Point of interest coverage with distributed multi-unmanned aerial vehicles based on distributed reinforcement learning Dağıtık pekiştirmeli öğrenme tabanlı çoklu insansız hava aracı ile ilgi çekici nokta kapsama

Aydemir, Fatih; ÇETİN, AYDIN

doi:10.17341/gazimmfd.1172120

Point of interest coverage with distributed multi-unmanned aerial vehicles based on distributed reinforcement learning Dağıtık pekiştirmeli öğrenme tabanlı çoklu insansız hava aracı ile ilgi çekici nokta kapsama

Journal of the Faculty of Engineering and Architecture of Gazi University, cilt.39, sa.1, ss.563-575, 2023 (SCI-Expanded)

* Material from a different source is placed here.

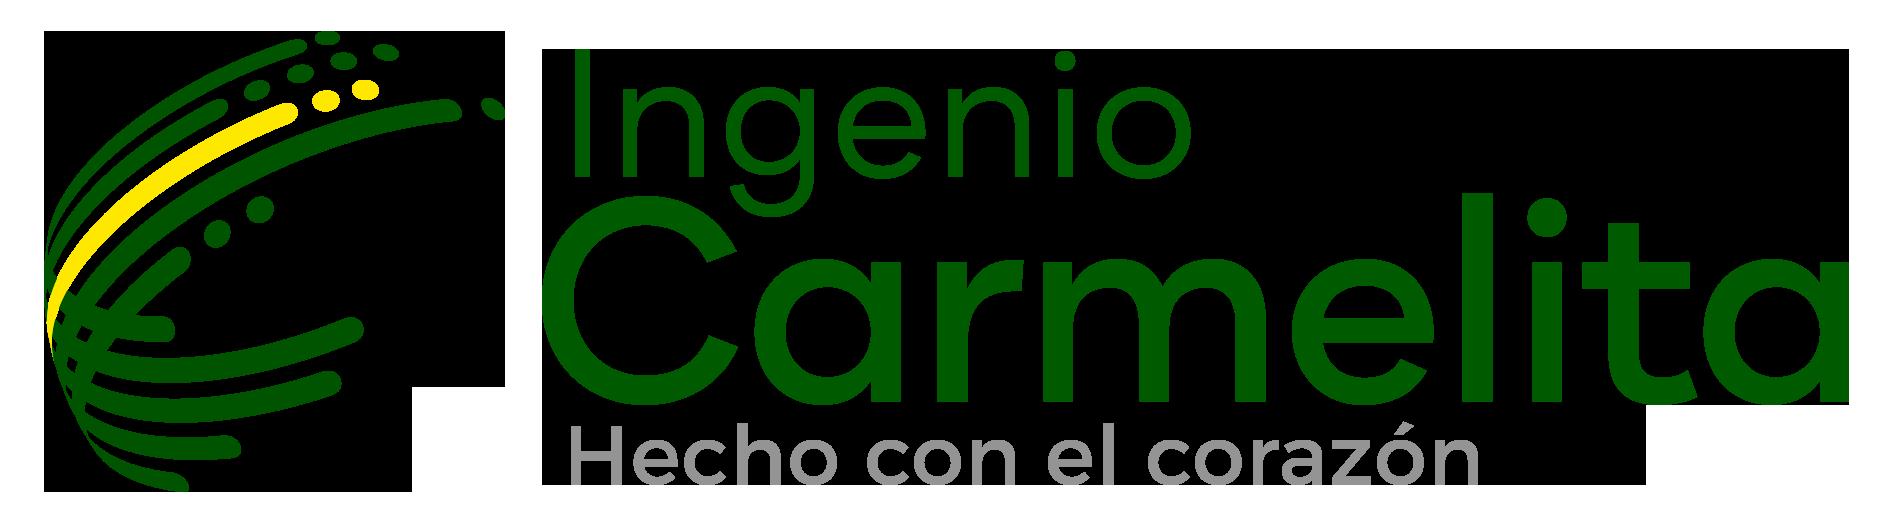 logoCarmelitaWeb2019Header-1

Yayın Türü: Makale / Tam Makale
Cilt numarası: 39 Sayı: 1
Basım Tarihi: 2023
Doi Numarası: 10.17341/gazimmfd.1172120
Dergi Adı: Journal of the Faculty of Engineering and Architecture of Gazi University
Derginin Tarandığı İndeksler: Science Citation Index Expanded (SCI-EXPANDED), Scopus, Academic Search Premier, Art Source, Compendex, TR DİZİN (ULAKBİM)
Sayfa Sayıları: ss.563-575
Anahtar Kelimeler: dynamic area coverage, grid decomposition, multi-agent system, reinforcement learning, Unmanned aerial vehicle
Gazi Üniversitesi Adresli: Evet

Özet

Mobile vehicles are widely used in various area coverage applications such as mapping, traffic monitoring, search and rescue operations. Appropriate positioning model and effective learning strategy are required to improve the coverage process. Mobile vehicles can adapt to dynamic environments and find the optimum locations with the navigation mechanism that includes a motion model. In studies, where the positioning process is managed on the basis of a multi-agent mobile system, multiple agents should complete tasks such as detection, data collection and surveillance with a collaborative approach. This learning-based process can be carried out through mobile agents that can learn to optimize a task in real time. In this study, it is aimed to effectively cover points of interest (PoI) in a dynamic environment by modeling a group of unmanned aerial vehicles (UAVs) on the basis of a learning multi-agent system. The target area is decomposed into grids to maximize PoI coverage and minimize energy consumption. Decomposition is performed by considering the location of the target area and the communication distance of the UAVs modeled as mobile agents. However, mobile agents planning to go to grids also learn to avoid collisions. The proposed method has been tested in a simulation environment and the results are presented by comparing with similar studies. The results show that the proposed method outperforms existing similar studies and is suitable for area coverage applications.